Although the new terminal and other improvements are currently in a holding pattern, the good news is that the airport managed to average about 50 per cent of its normal passenger volume during the pandemic, so getting back to 2019 levels should be possible once COVID-19 restrictions are fully lifted and life becomes more normal. The airport has also seen the amount of freight that passes through it grow by 102 per cent since 2017.

“We’re seeing the exponentially increase,” Ross said.

As a result, the terminal building has undergone a bit of a redesign, as one airline wants to have a freight terminal attached to the building, which would have to go where the previous design had planned for administrative offices, as a result of ground conditions.

“We now have the preliminary drawings for a freight facility attached to the new building,” Ross told chamber members.

Asked if there was potential once the new terminal and infrastructure are constructed to attract new airlines to Thompson, Ross said that depends on passenger and freight volumes.

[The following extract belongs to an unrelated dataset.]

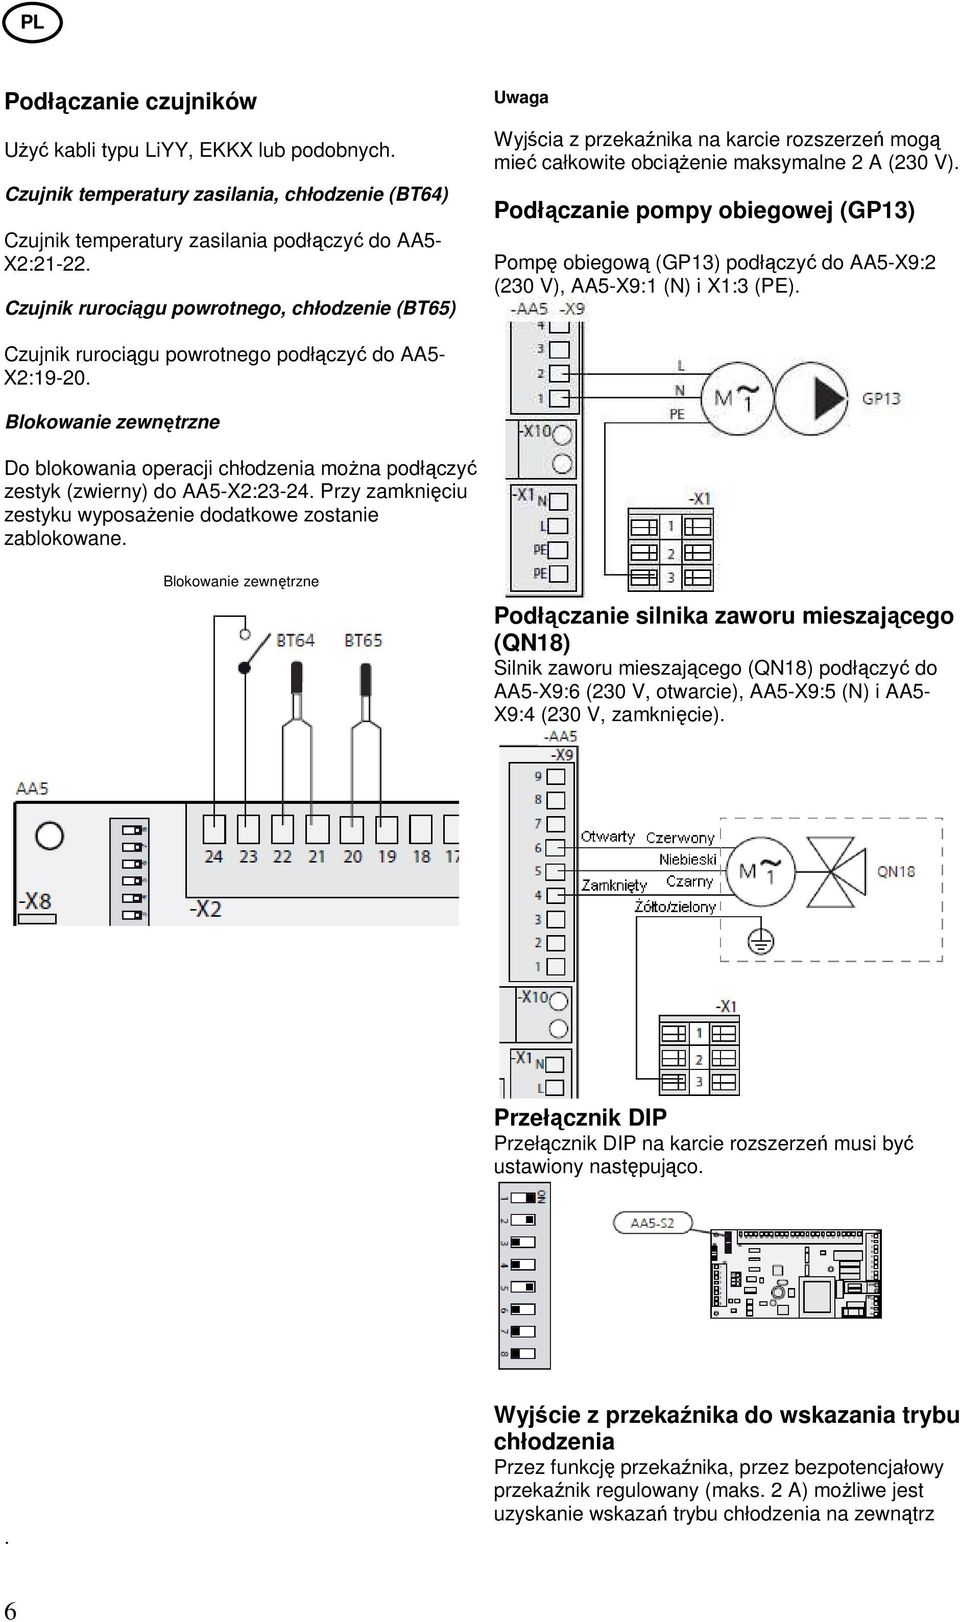 Podłączanie pompy obiegowej (GP13) Pompę obiegową (GP13) podłączyć do AA5-X9:2 (230 V), AA5-X9:1 (N) i X1:3 (PE). Czujnik rurociągu powrotnego podłączyć do AA5- X2:19-20.
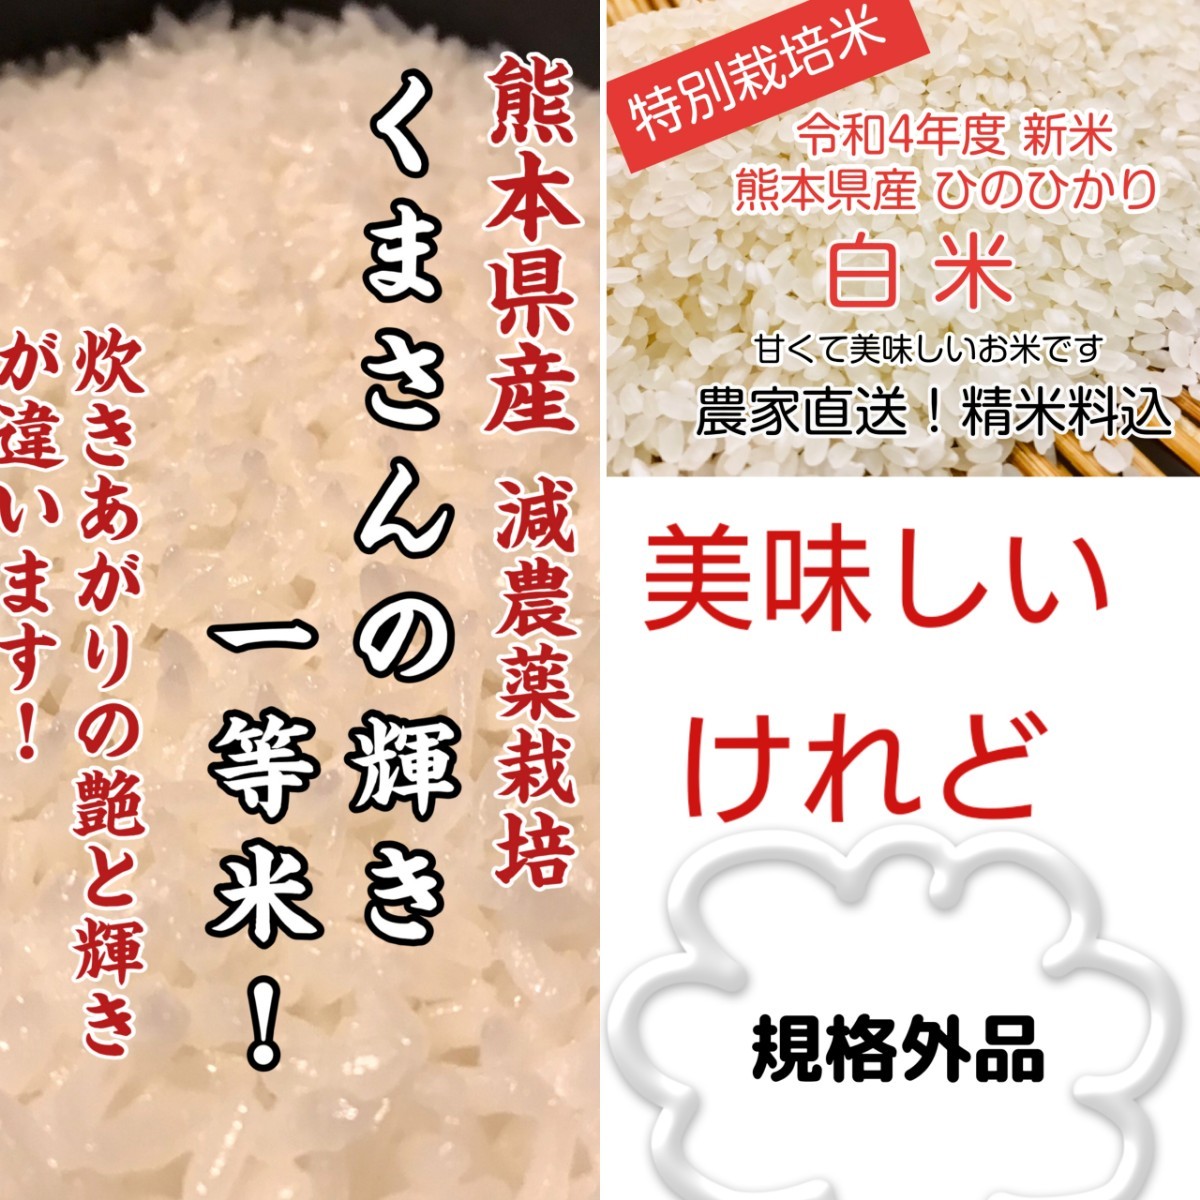 農家直送の美味しいお米 令和4年度産 ヒノヒカリ 25キロ - 米

“If the market is there, they will be there,” he said, noting that TRAA tries to keep its fees reasonable to make flying in and out of Thompson economically viable, though that has little impact on the cost of airfares.

“Our fees only make up two per cent of the overall ticket,” he said. “That’s at the highest.”

Ross also said that he hoped once the expansion is complete that the airport will be more accommodating to non-commercial traffic such as people coming to Northern Manitoba ton hunting and fishing trips who want to fly their own planes.